If you look here you can see if there's anywhere close you can go to talk face to face - the Samaritans don't get outside help unless you ask for it.

failingtoomuch · 21/12/2011 19:34

I am scared to open up but I really want to as I can't live like this.

OP posts:
BleachBoys · 21/12/2011 19:34

Yes, get some sleep. Take your AD's. Then in the morning, make an emergency appt with the GP's to access what you need. Your DH/PILs can have the children, there is nothig more urgent or important than this. Not even work or last minute Xmas shopping. Get yourself sorted. Make this be the last wake up call so you HAVE to get help.

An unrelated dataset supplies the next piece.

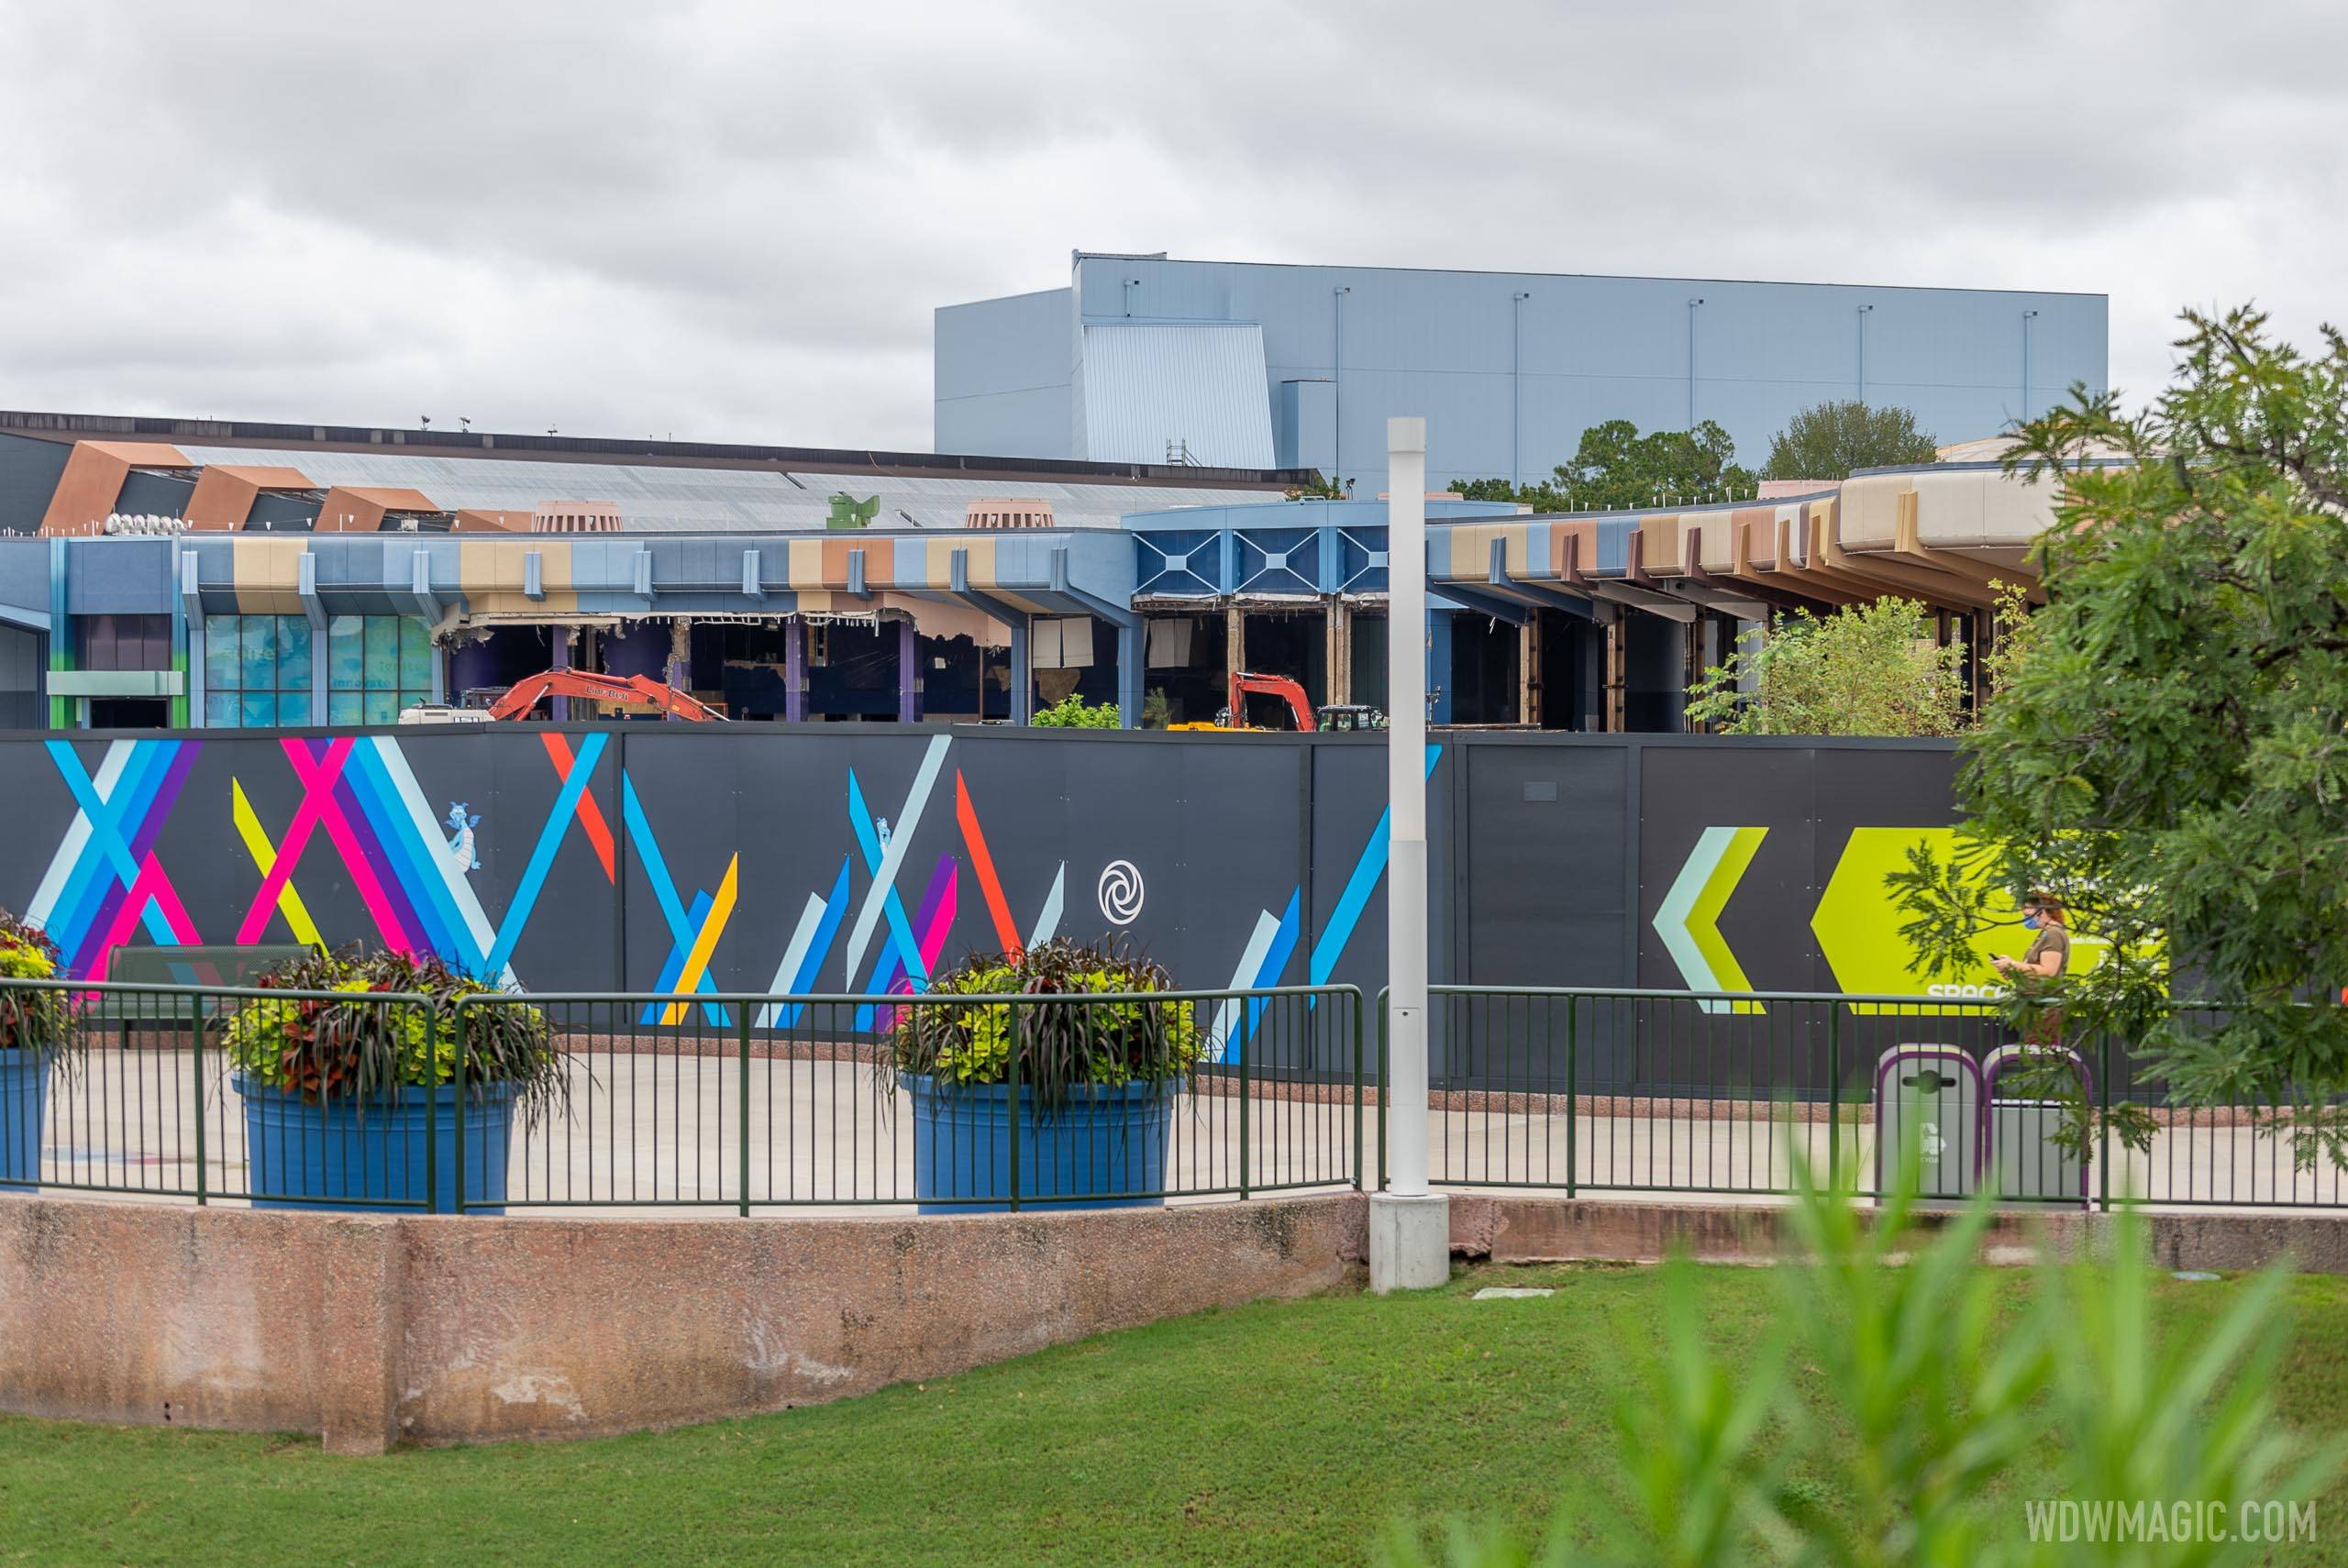 PHOTOS - Mouse Gear, Electric Umbrella and Innoventions North West demolition

Shakey1500 · 21/12/2011 19:35

You are also ftm to me. My memory is rubbish anyway. Yes, sleep is good but, should you wake, I personally will be here till about midnight and I will check this thread regularly. x

KatieScarlettsCrackers · 21/12/2011 19:37

It's OK to be scared, it IS scary!

You've done well to fight the fear on here tonight.

It shows you are in there, fighting and that is healthy and good.

Shakey1500 · 21/12/2011 19:37

If it helps (I don't really know the MN spec on this) then unload, get the thread deleted, then name change again? Apologies if this is no help whatsoever. Or via PM's etc?

FizzyChristmasFairyDust · 21/12/2011 19:39

Open up and we will help. Like somebody else has said, you can name change after this and get the thread deleted. We will do everything we can to help you.
We care, I care, and I will do everything it takes to support you to live.